Хотя брат и изувечил сестру еще до рождения, злая судьба распорядилась так, что Харумэ пережила его, однако мозг ее так и не сумел оправиться. Ясуко смотрела на Харумэ с новой, еще более горькой жалостью, припоминая тайну рождения близнецов, которую их мать открыла ей сегодня ночью.
– Тебе не холодно, Харумэ? – спросила она, обнимая девушку за плечи.
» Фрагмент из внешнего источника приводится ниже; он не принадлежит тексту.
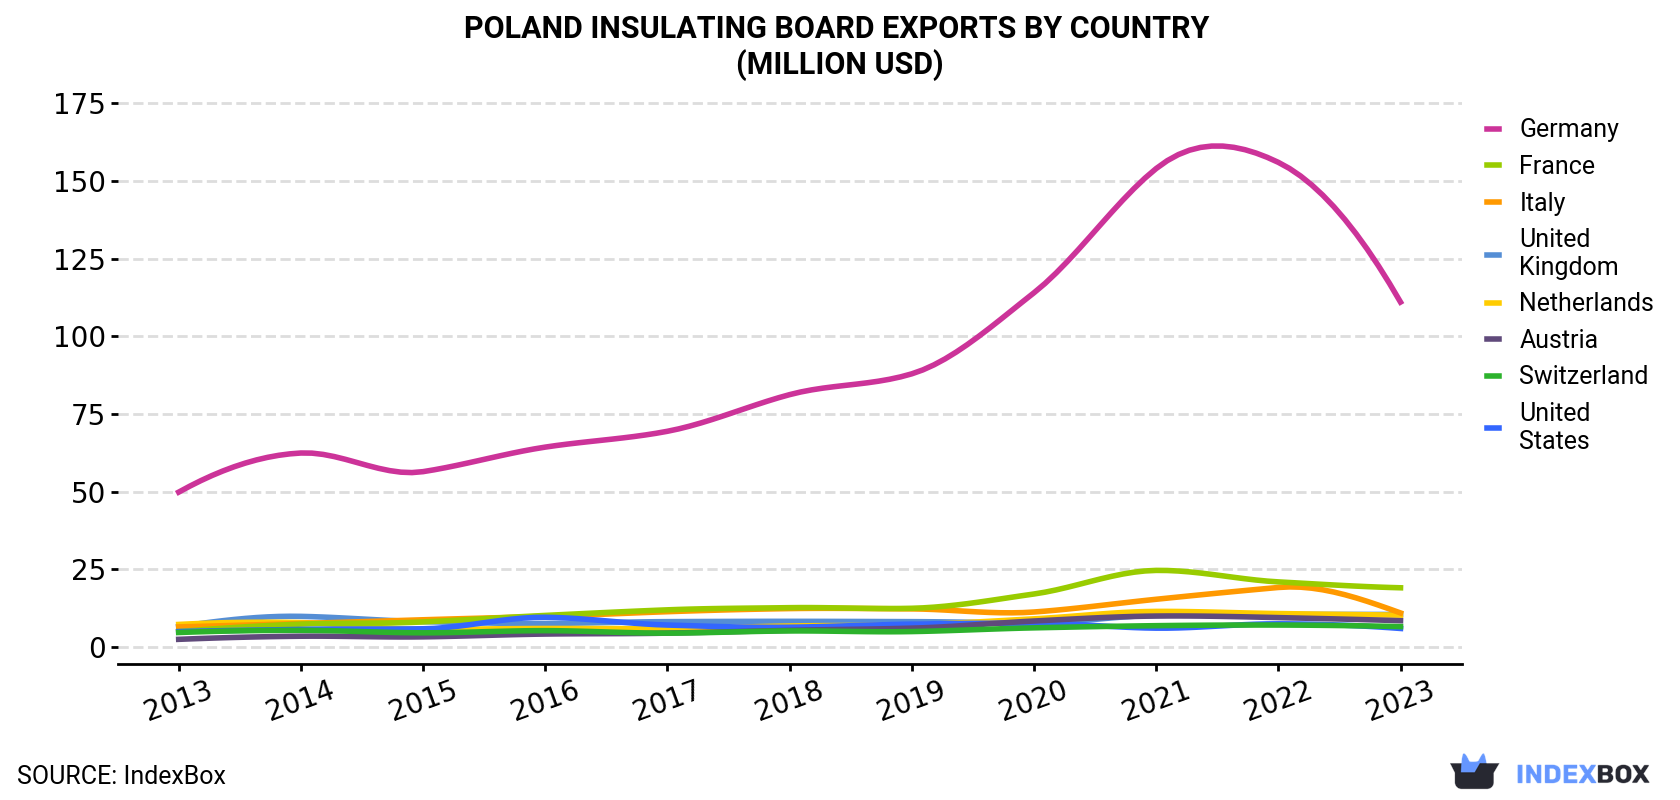 Poland Insulating Board Exports By Country (Million USD)

Харумэ медленно подняла на нее отсутствующий взгляд.
– Нет.
Вблизи стало заметно, что веки на белоснежном личике припухли, ресницы склеились, да так, что один глаз казался намного меньше другого. Общее впечатление было настолько тоскливым, что Ясуко пришло на ум сравнение с облезлым щенком.
– Ты еще не умывалась, дорогая? – Хотя Ясуко была намного младше Харумэ, она бессознательно обращалась к ней как к ребенку.
– Нет. Ю еще не встала.
– Ю заболела и до полудня вряд ли поднимется. – Сожалея о неспособности Харумэ адекватно воспринимать действительность, Ясуко подвела ее к раковине, набрала горячей воды и проследила за тем, чтобы та как следует умылась и почистила зубы.
Если не позаботиться вовремя, то Харумэ может весь день проходить неумытой. Обычно кто-нибудь замечал это и приводил ее в порядок, но иногда она никого к себе не подпускала и набрасывалась на добровольного помощника, словно дикая зверушка. Такое случалось только во время месячных. Однажды Ясуко тоже оказалась жертвой припадка, тогда Харумэ прокусила ей до крови мизинец. С тех пор Харумэ стала более кроткой с Ясуко, даже тянулась к ней, старалась побыть рядом.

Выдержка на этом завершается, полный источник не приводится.